Antiandrogens (prescription)
For some women with hormone-driven pattern thinning, clinicians sometimes use medications that reduce androgen effects (like spironolactone). This is individualized based on health history, pregnancy considerations, and lab context.
In-Office and Device-Based Treatments (promising but not magic)
Both of these treatments began their lives as treatment for skin issues but are increasingly used for hair loss.
Low-Level Laser Therapy (“red light” devices)
Some devices have FDA clearance and may provide modest improvement for some people, especially when combined with medication. It’s
usually a “helpful add on,” not a “solo miracle.” You may have seen LED caps for sale. As we have discussed previously (see Does Red Light Therapy Really Work?), there isn’t overwhelming evidence that red light therapy works for skin issues and very little with respect to hair loss. These are probably not harmful, but their efficacy is not backed by strong evidence to date.
Platelet Rich Plasma (PRP)
PRP has supportive evidence for some patients, but results vary and protocols are not standardized. It involves injecting a patient’s own concentrated blood platelets, rich in growth factors into the scalp to stimulate hair follicles, increase density, and reverse thinning. There was a promising pilot study done in 2015, but it hasn’t been widely researched in double blind control group studies. It can be expensive, and you want an experienced clinician if you go this route.
In 2022, 2023, and 2024 the FDA approved three effective oral prescription drugs to treat immune related hair loss (alopecia areata). They are known as “JAK inhibitors,” and their brand names are almost as difficult as their chemical names. They include baricitinib (Olumiant), ritlecitinib (Litfulo), and deuruxolitinib (Leqselvi). These are prescription medications with important safety considerations, including infection, cardiovascular issues, and cancer. Clearly these remedies should be carefully prescribed and monitored by specialists, but they are real options for the right patients.
Let’s be honest, the supplement aisles and the lifestyle remedy sites know exactly how to market to our insecurities.
Do supplements work?
If you have a true deficiency (iron, for example), correcting it may help. If you do not have a deficiency, mega-dosing vitamins
is expensive and does not magically override genetics or hormones. And sometimes they can get in the way.
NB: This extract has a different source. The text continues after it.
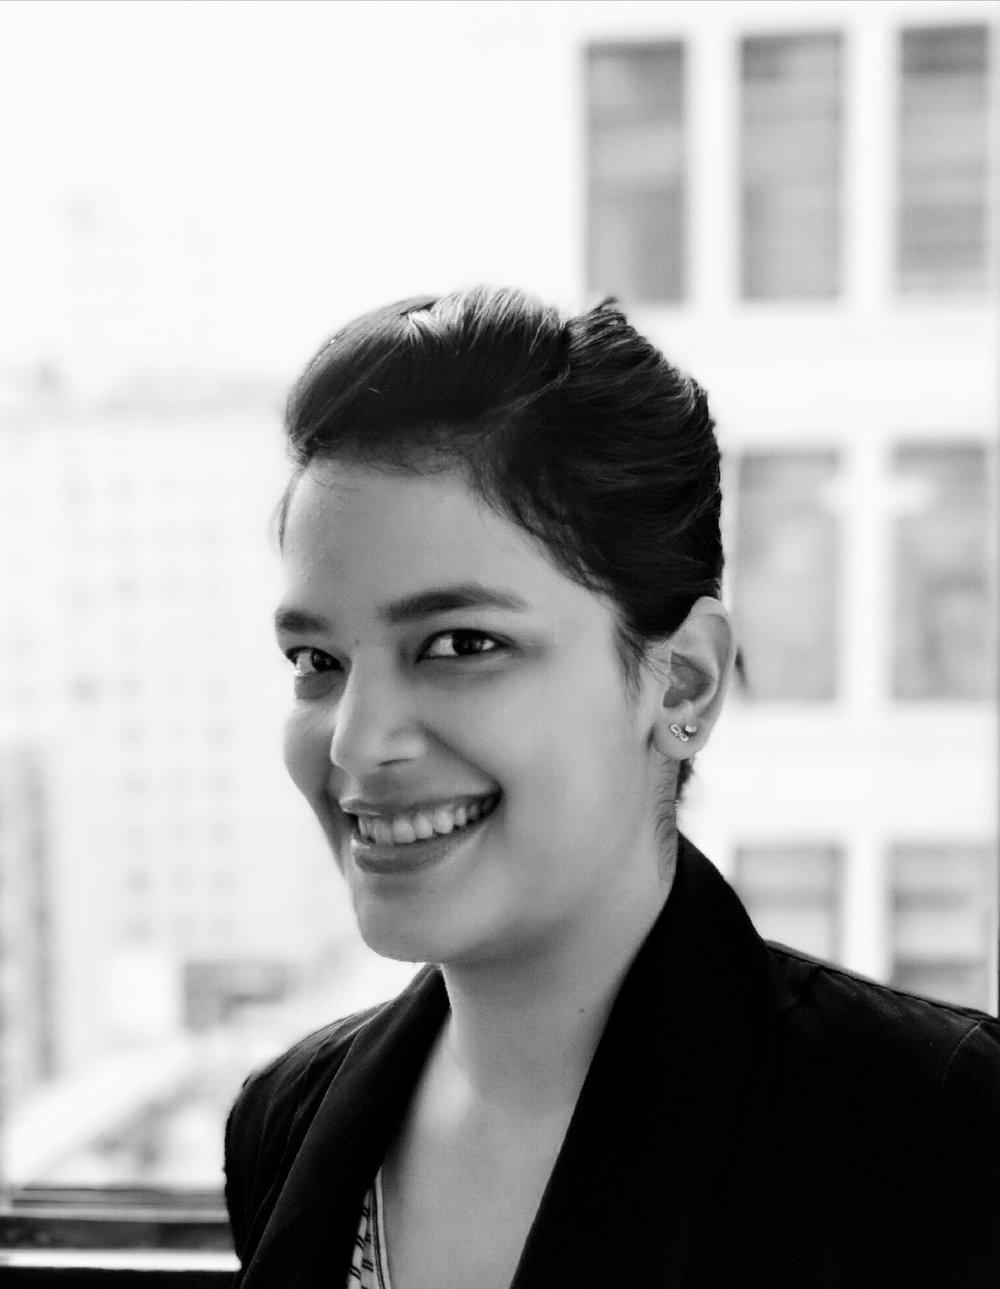 Prarthana Holburn

Biotin is the classic example.
Biotin deficiency is uncommon, yet biotin supplements are everywhere. High dose biotin can also interfere with certain lab tests, which is not the kind of surprise anyone wants.
Collagen does not help you regrow hair.
Hair is made of protein, and collagen is the most common protein in our bodies. But there is no clinical evidence that collagen will reverse hair loss. The best we can offer is that if you don’t get enough protein in your diet and you take collagen, it can help mitigate your lack of protein.
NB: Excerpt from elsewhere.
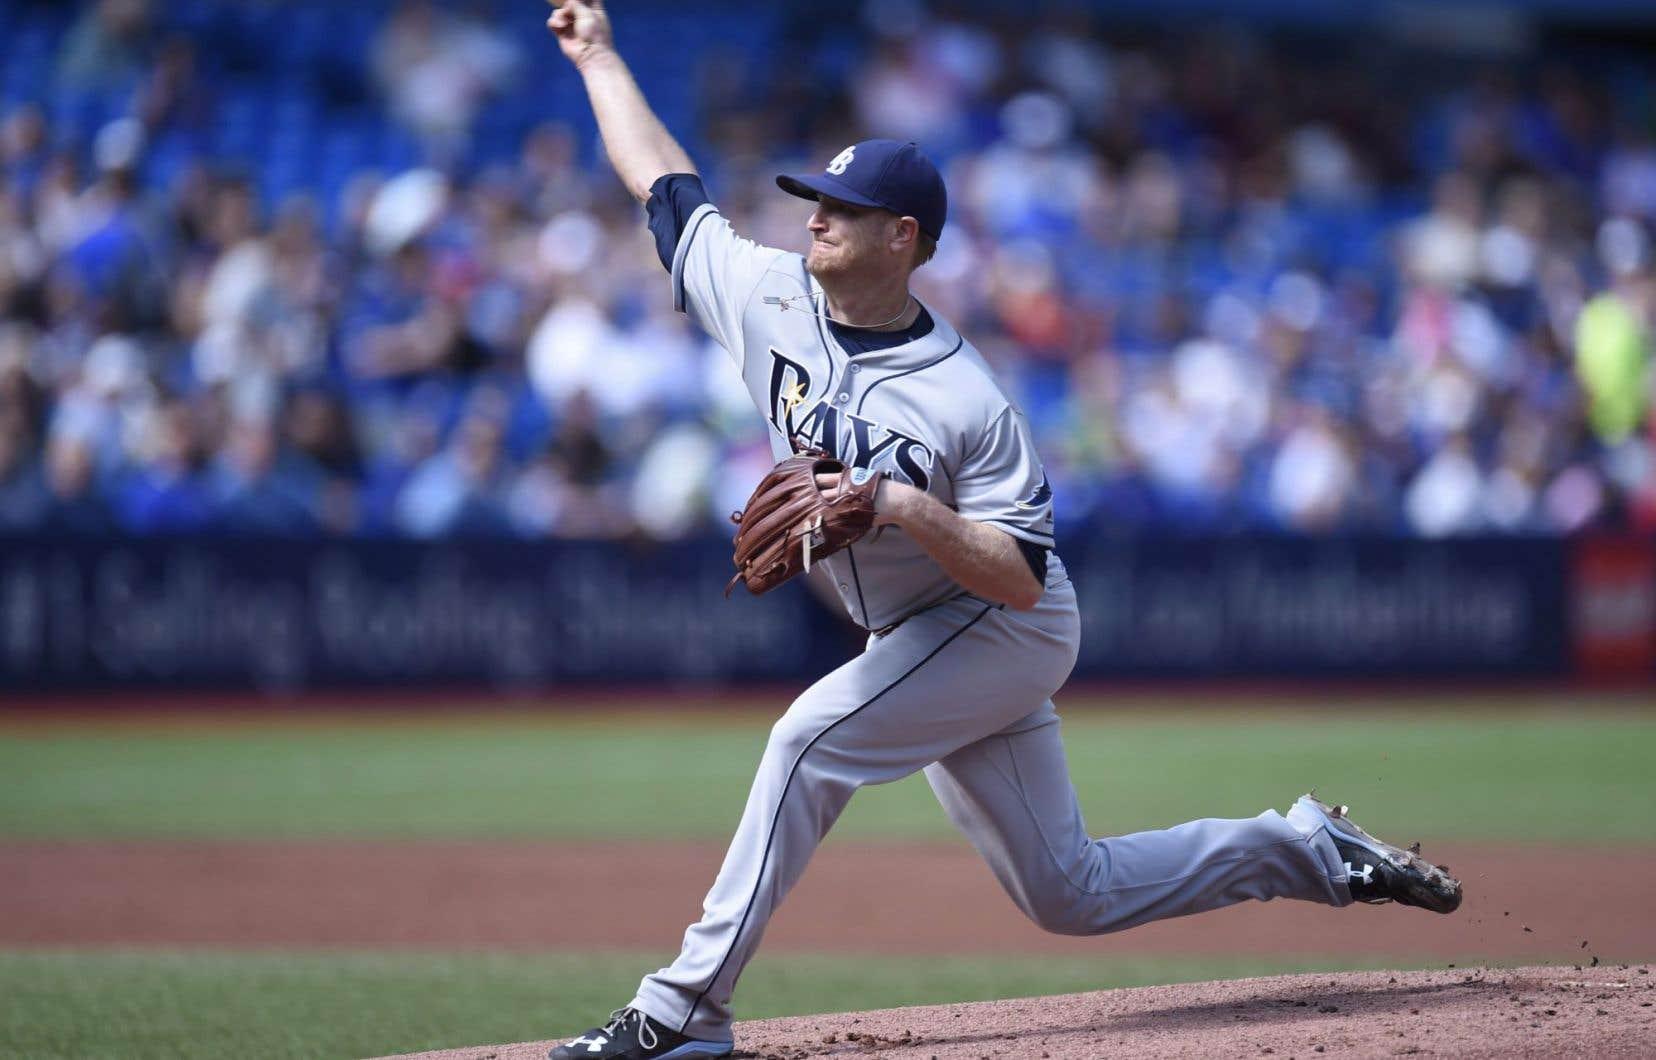 Le lanceur Alex Cobb, des Rays, effectuait un retour au jeu.

Is addressing diet a better idea?
For many people, yes. Overall nutrition matters, especially protein. The goal is not a “hair loss superfood” but adequate protein, iron-rich foods as appropriate, and a generally balanced diet that supports your whole body, not just your hair line. It is common knowledge that all vitamin and nutrition ingested through food are more effective than any supplement.
Hair loss is sometimes just a cosmetic annoyance, and sometimes it’s a clue. It’s worth getting checked if you have any of the following:
A clinician may recommend targeted bloodwork based on your history, often looking for contributors like thyroid dysfunction or iron deficiency (and sometimes other deficiencies depending on diet and risk factors).